WHAT YOU NEED TO DO | Would you please return the data below verbatim, without its pictures?

── DATA

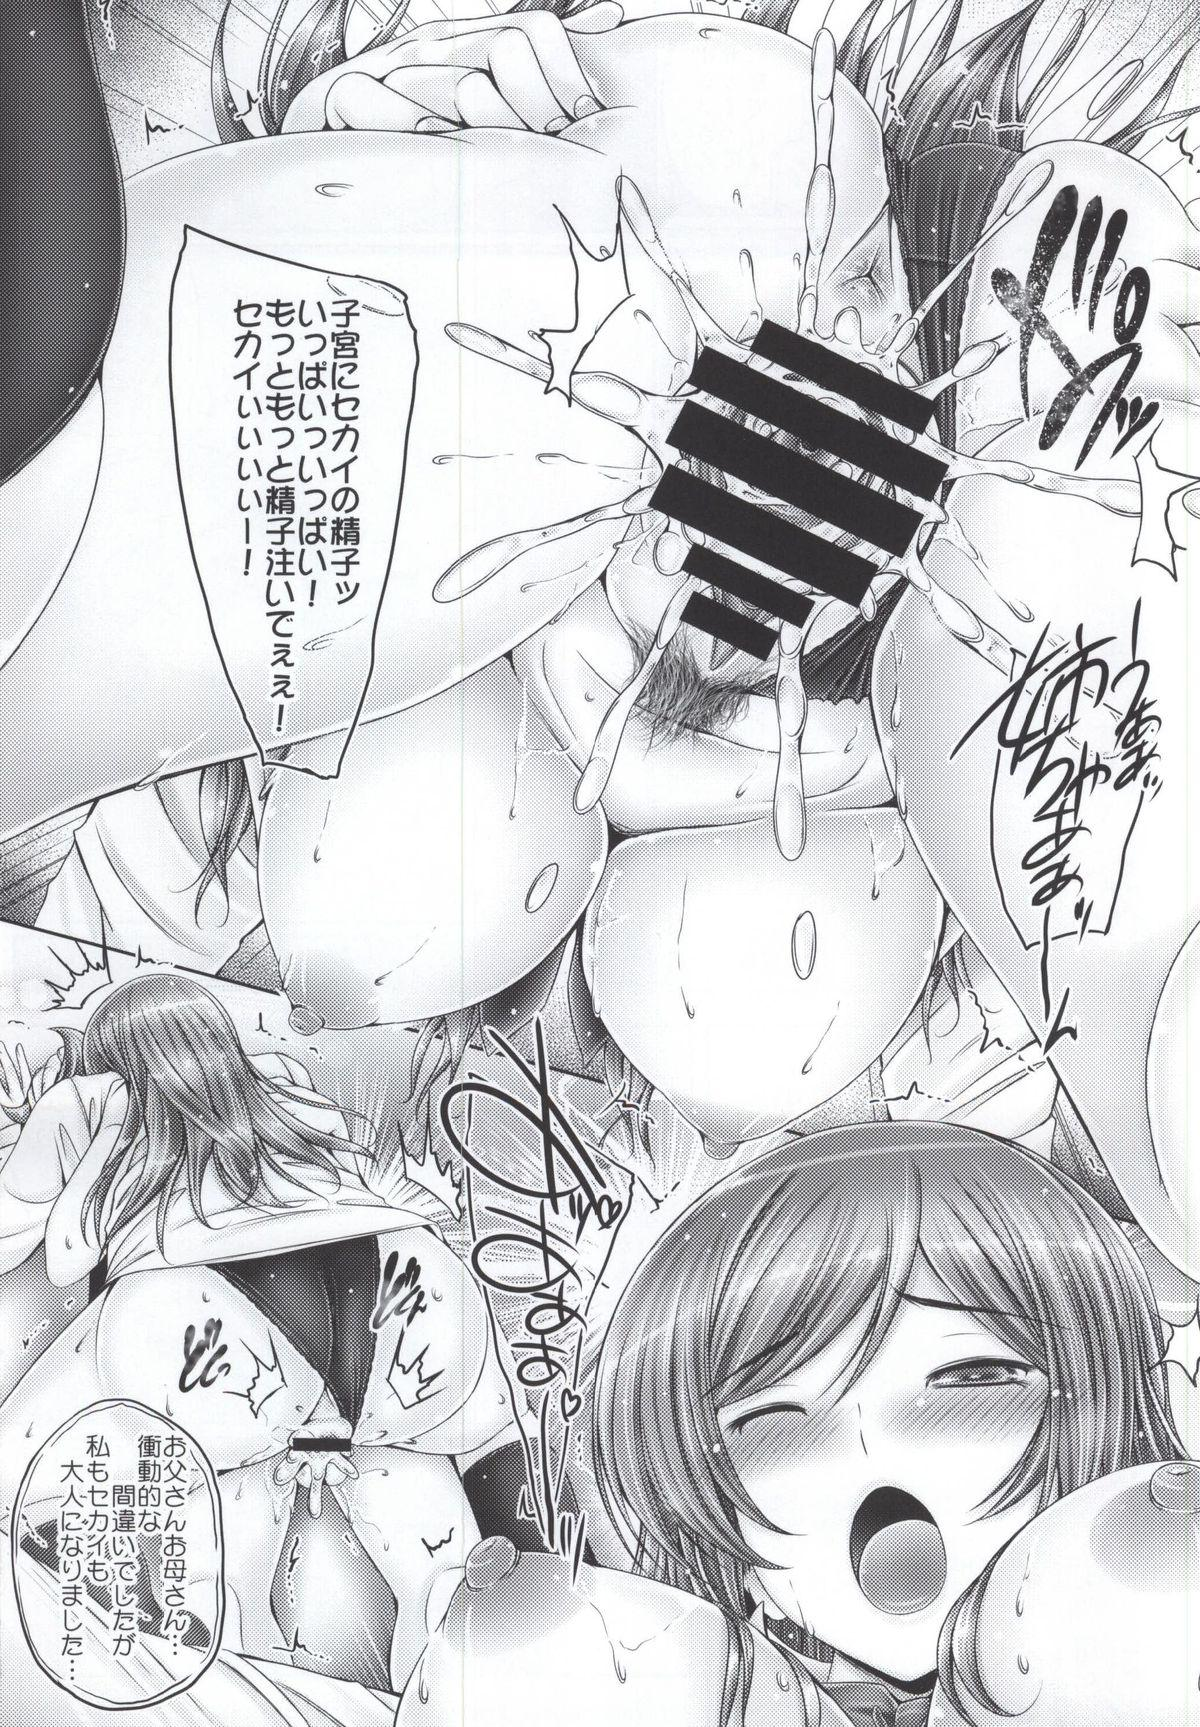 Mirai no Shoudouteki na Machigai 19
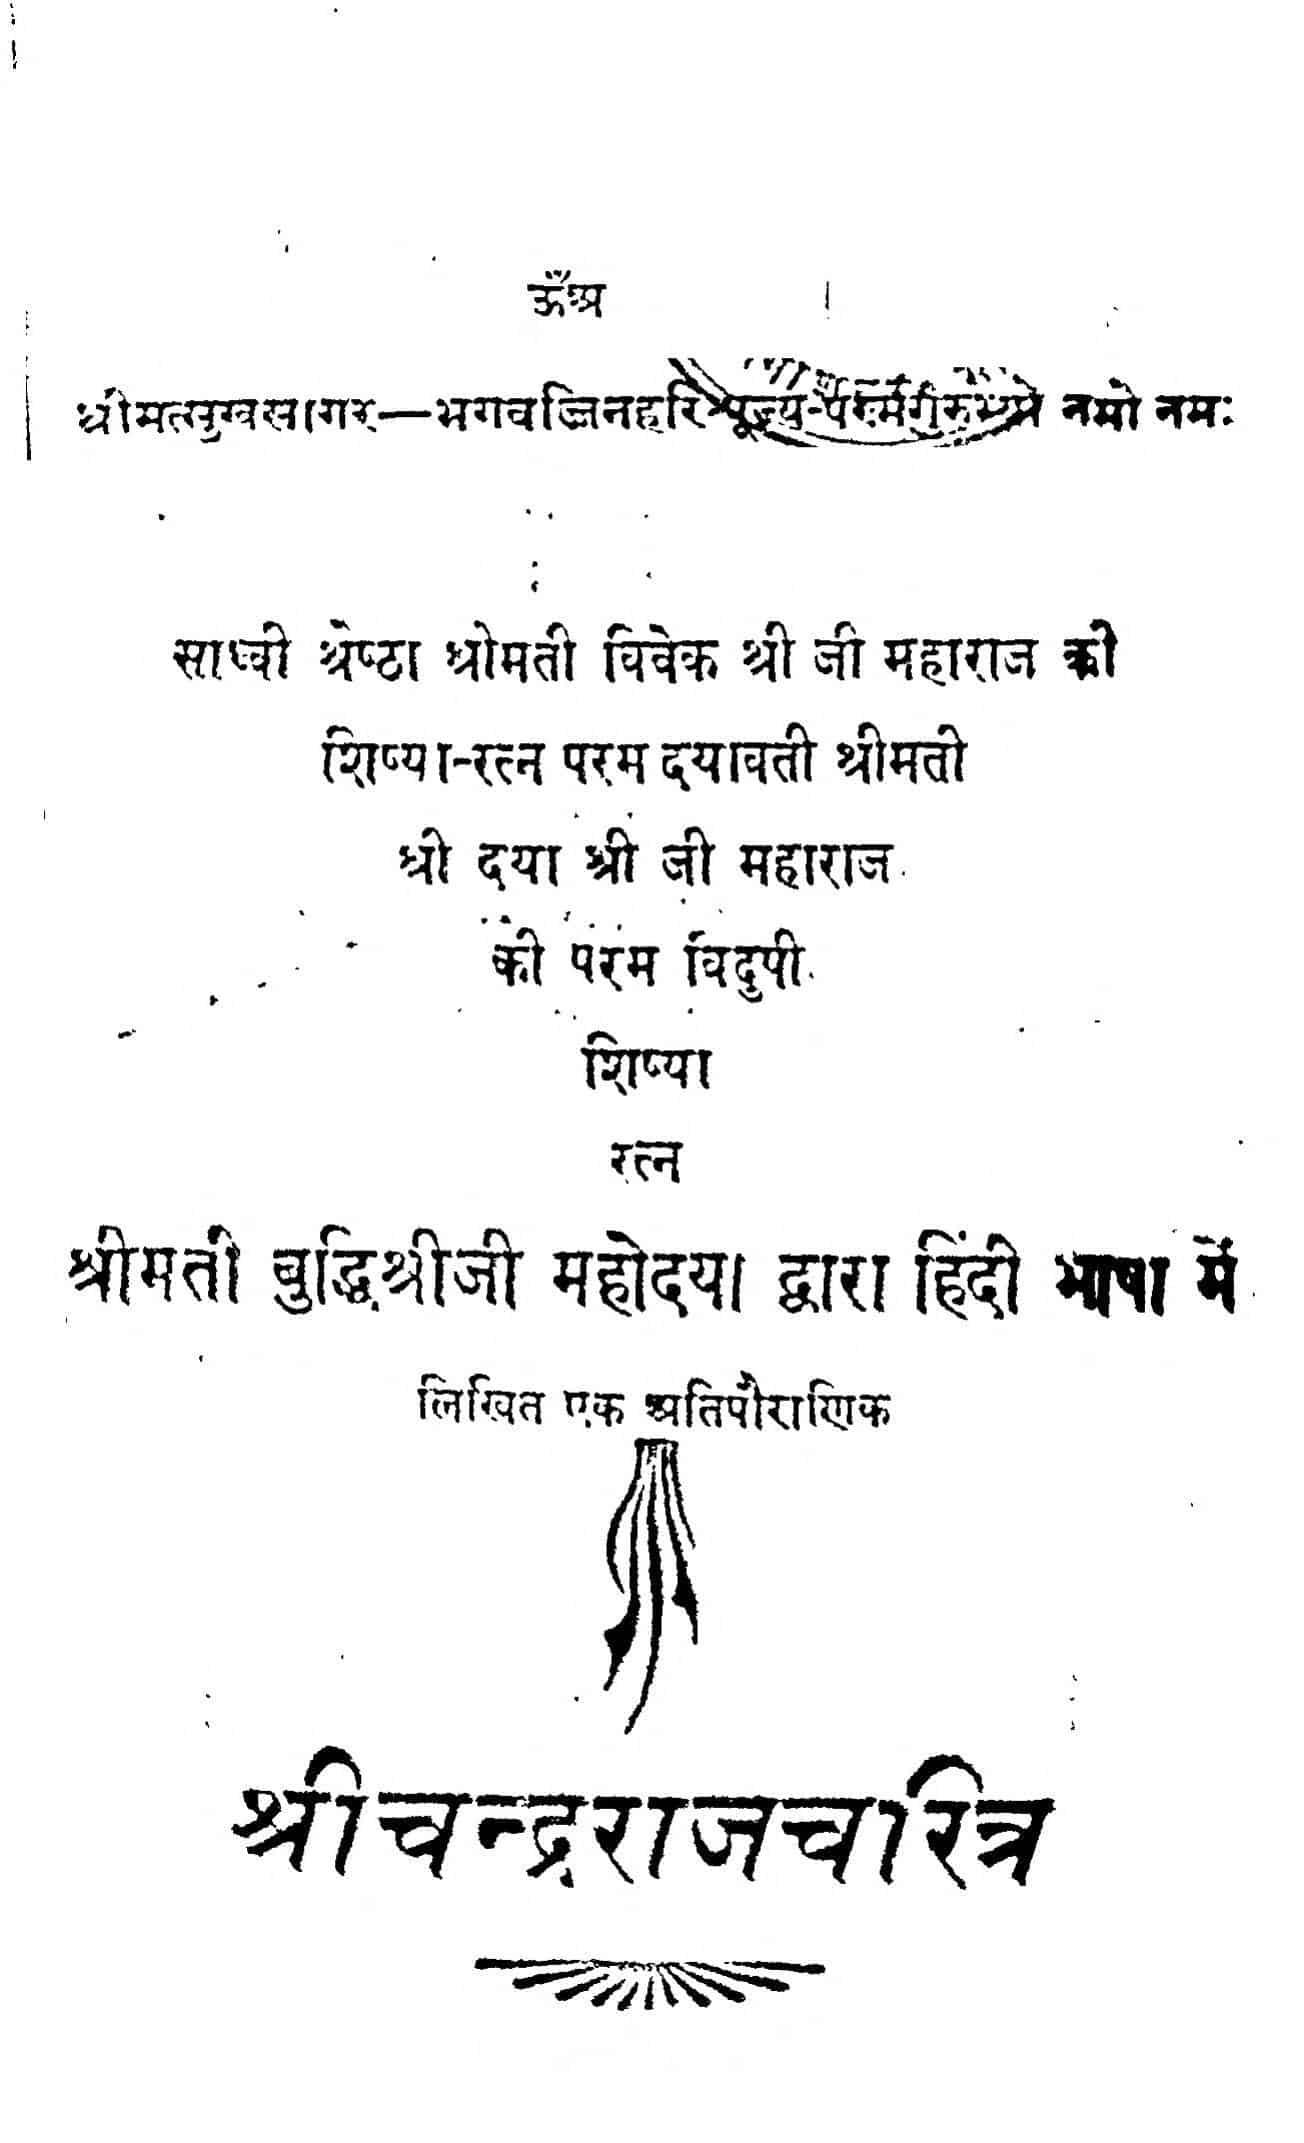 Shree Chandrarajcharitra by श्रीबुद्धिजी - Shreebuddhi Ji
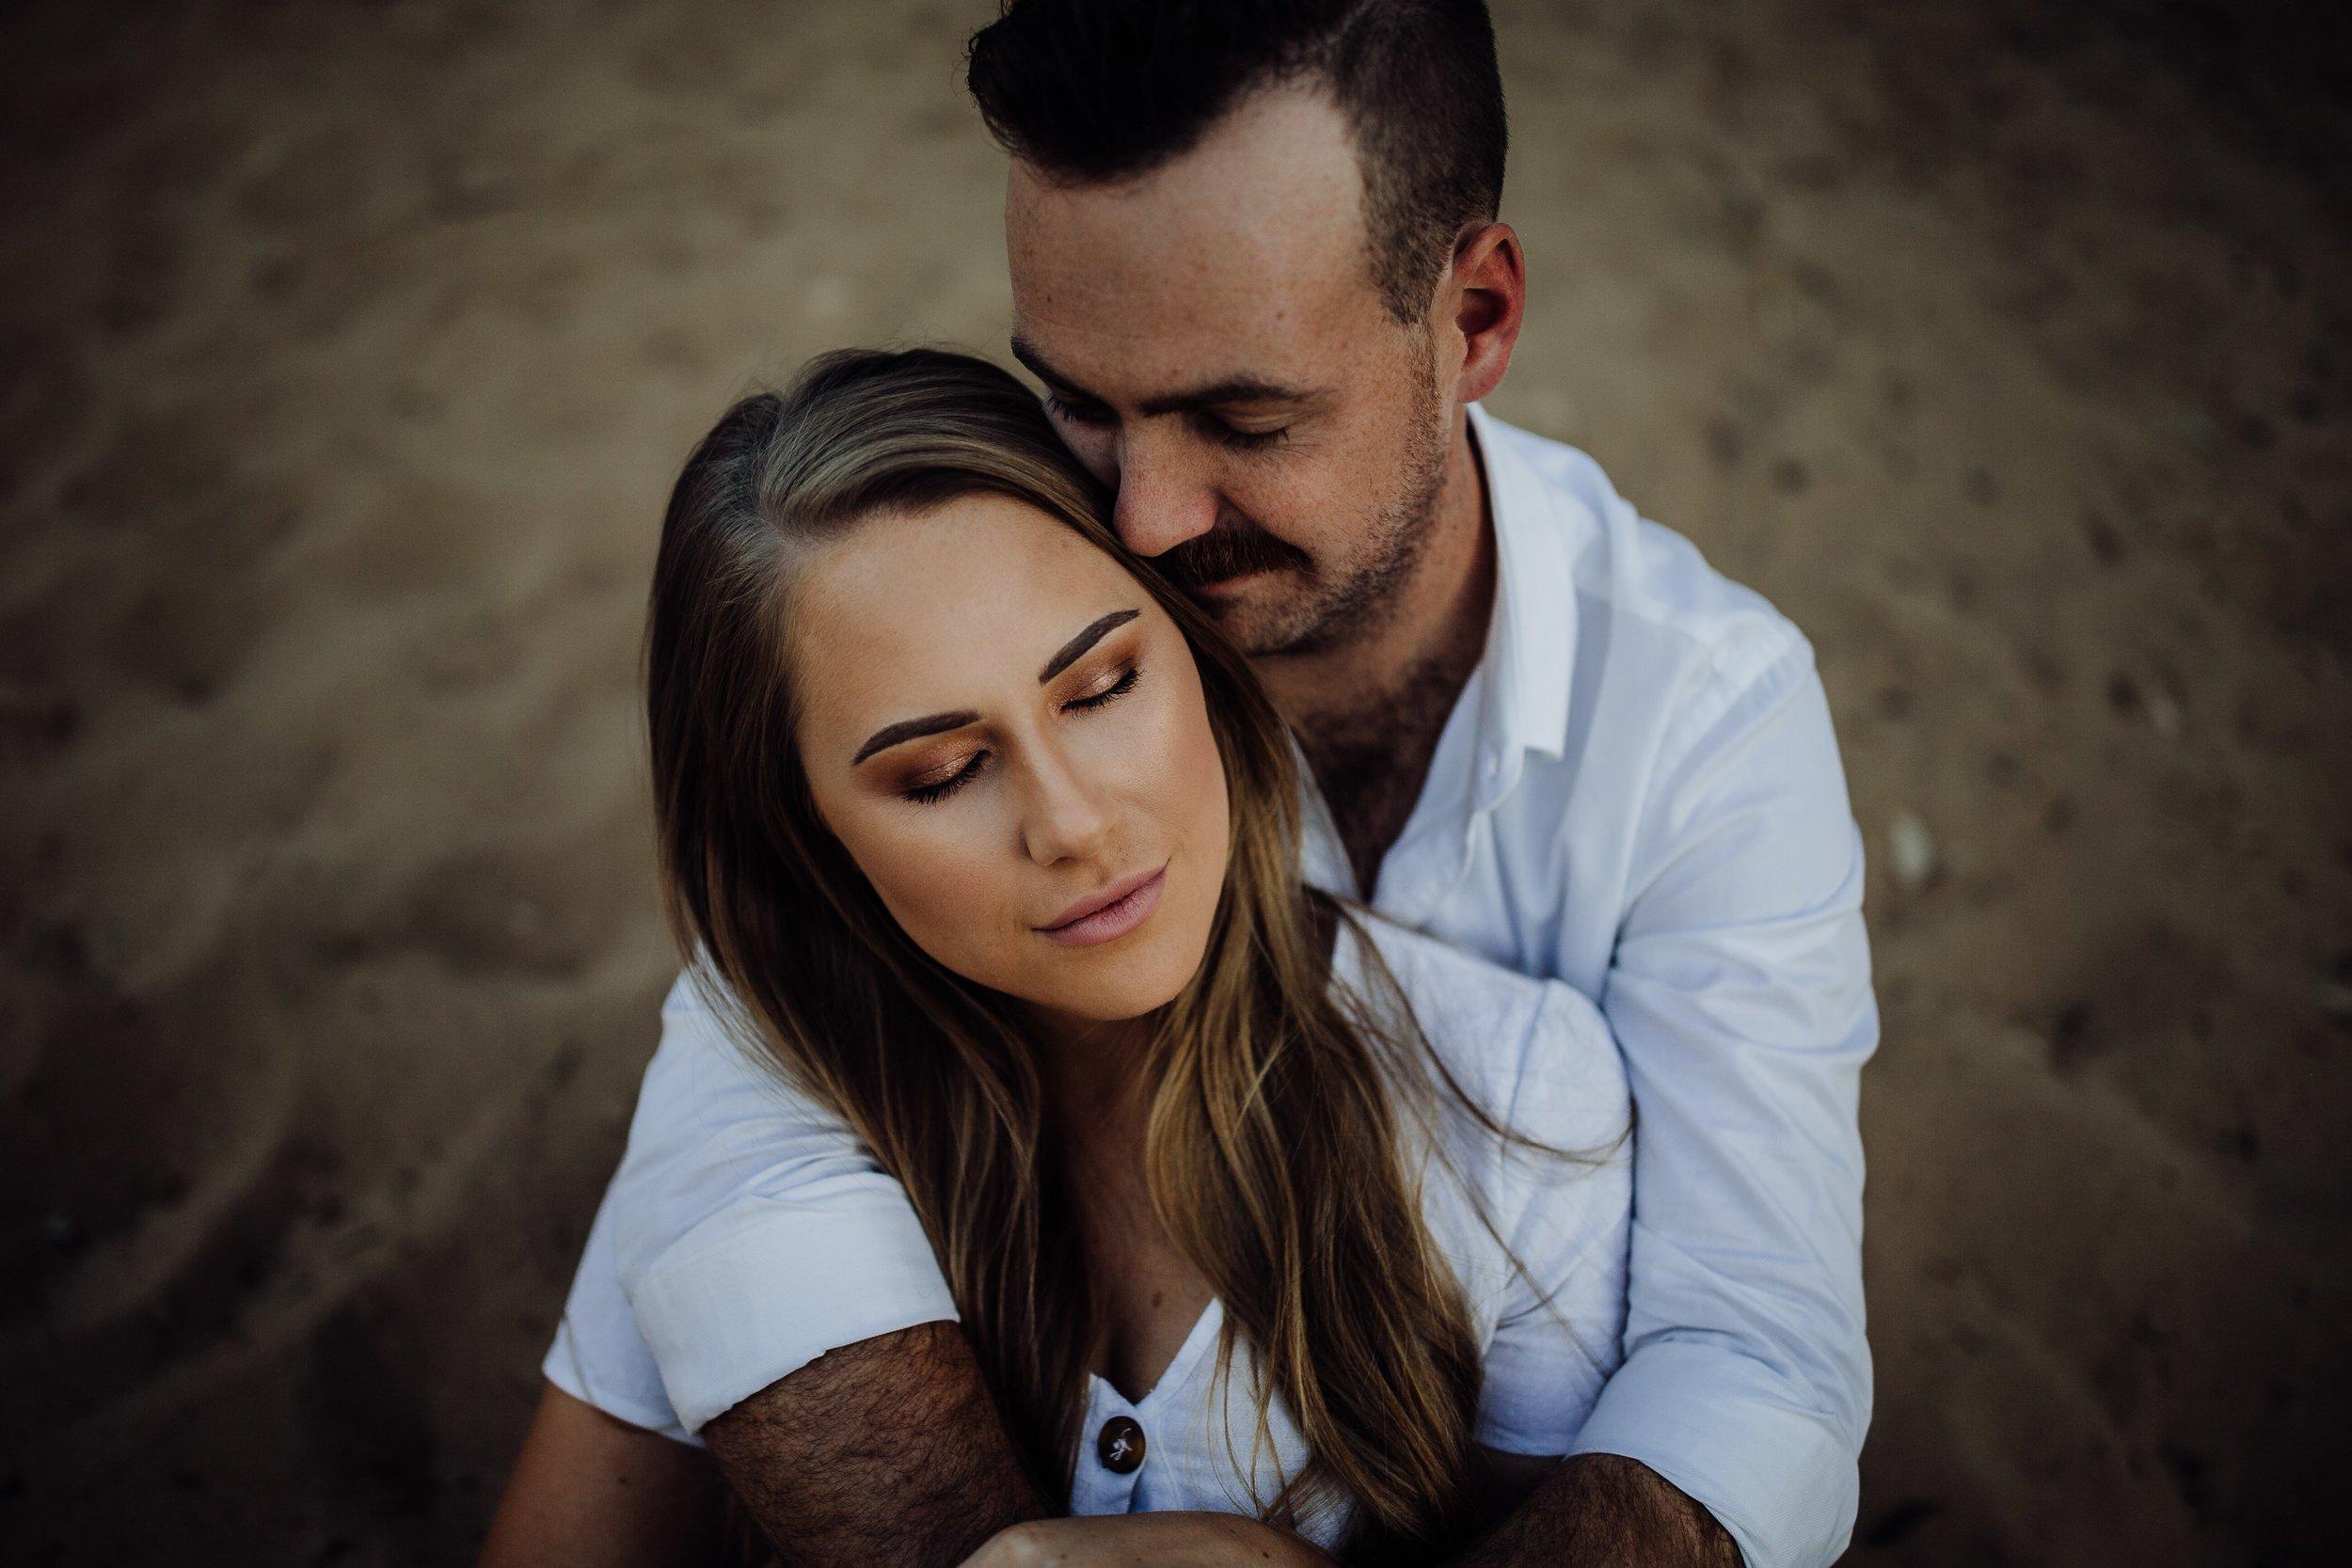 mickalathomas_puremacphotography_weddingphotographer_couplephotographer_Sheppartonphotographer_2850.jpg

────

SOLUTION |
 Mirai no Shoudouteki na Machigai 19
 Shree Chandrarajcharitra by श्रीबुद्धिजी - Shreebuddhi Ji
 mickalathomas_puremacphotography_weddingphotographer_couplephotographer_Sheppartonphotographer_2850.jpg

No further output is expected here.